Rusting away is exactly what isn’t happening with Weathering Steel. Because of its chemical composition it exhibits increased resistance to atmospheric corrosion compared to mild steel. The steel actually rusts on the surface to form a protective layer we refer to as a ‘patina’(because we’re posh!)
The corrosion-retarding effect of the patina is produced by the particular distribution and concentration of alloying elements in it. The patina develops and regenerates continuously when subjected to the influence of the weather to maintain a protective coat.

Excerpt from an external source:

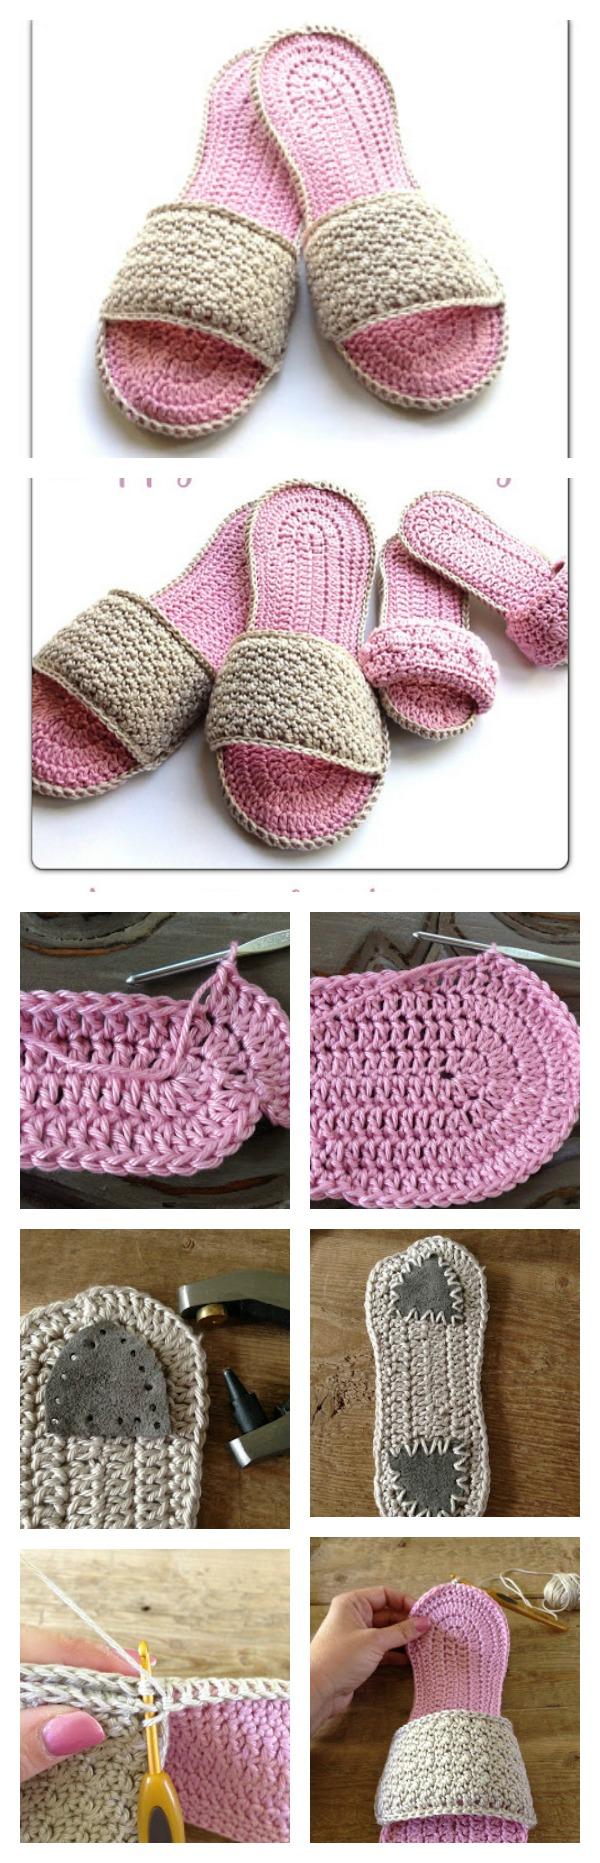 patron-zapatillas-crochet-esquema-tutorial-otakulandia.es (6)

Another way to put this is by way of comparison. Normal steel develops rust that is porous with tiny pores in the surface that the eye can’t see. This rust does not seal the steel surface, the rust process therefore never stops and so, tends to flake. Whereas with Weathering steel, the patina produced is much less porous.
The rust ‘patina’ develops under conditions of alternate wetting and drying. To ensure a stable patina develops, this natural cycle is key and the process should never be rushed with salts or acids. The rusting occurs on surfaces where oxygen is freely available. This means that in the ground, rusting happens very slowly due to low oxygen availability. When buried, weathering steel offers no advantage compared to mild steel.
In terms of the lifespan of Weathering Steel garden edging, local conditions such as humidity, salt (soil salinity), acid (soil acidity), soil density (oxygen availability) and sulphur content will affect this. Proximity to salt water is another factor that speeds oxidation up. Under ideal circumstances the weathering steel used in garden edging will last for many decades (maybe even 100yrs!) and in bad conditions expect at least 10 years.
As an extra tip, you can also improve the lifespan or your edging by painting or applying bitumen to the back, top-half before backfilling when using taller steel panels for retaining.
The colour of Weathering Steel alters with time in the elements. We’ve explained why this happens – it is an evolving look!
When you buy it , it will most likely not have been pre rusted. It will gradually shift through shades of orange, reddish brown, brown to almost black over the years when it’s in your garden.
The Weathering Steel edging featured in Show Gardens are typically in the early stages so can have a unique vibrancy and brightness about them.
It is possible to fix the colour of the rust at a certain stage by applying a sealer coat when you’re most happy with the colour achieved. What you choose to do comes down to your personal preference, but yes, it’s possible. Bear in mind that recoating is required depending on the coating used and your local conditions.
I’ve seen that too and agree it’s not a good look. The worst cases of that will involve mild steel because of the way it continues rusting. With Weathered Steel this should only happen when first developing a patina or if rushed artificially to achieve the desired patina.
Regular misting or using a damp cloth to wet the steel without runoff is one way you may avoid this happening so much. If it’s a sensitive install sitting atop pavers and that isn’t doable, you can pre rust the edging before installing to have a stable early phase patina there already. We know of one recipe/solution we’ve used for show gardens, available at well known retailers, that creates a stable patina in a non-harmful way to the steel itself.
Alternatively, simply set the edge back slightly from the pavers– maybe infill with feature stone?– to allow the minimal any runoff to disperse harmlessly. You can even change out the pebbles once the patina is fully developed if you wish later.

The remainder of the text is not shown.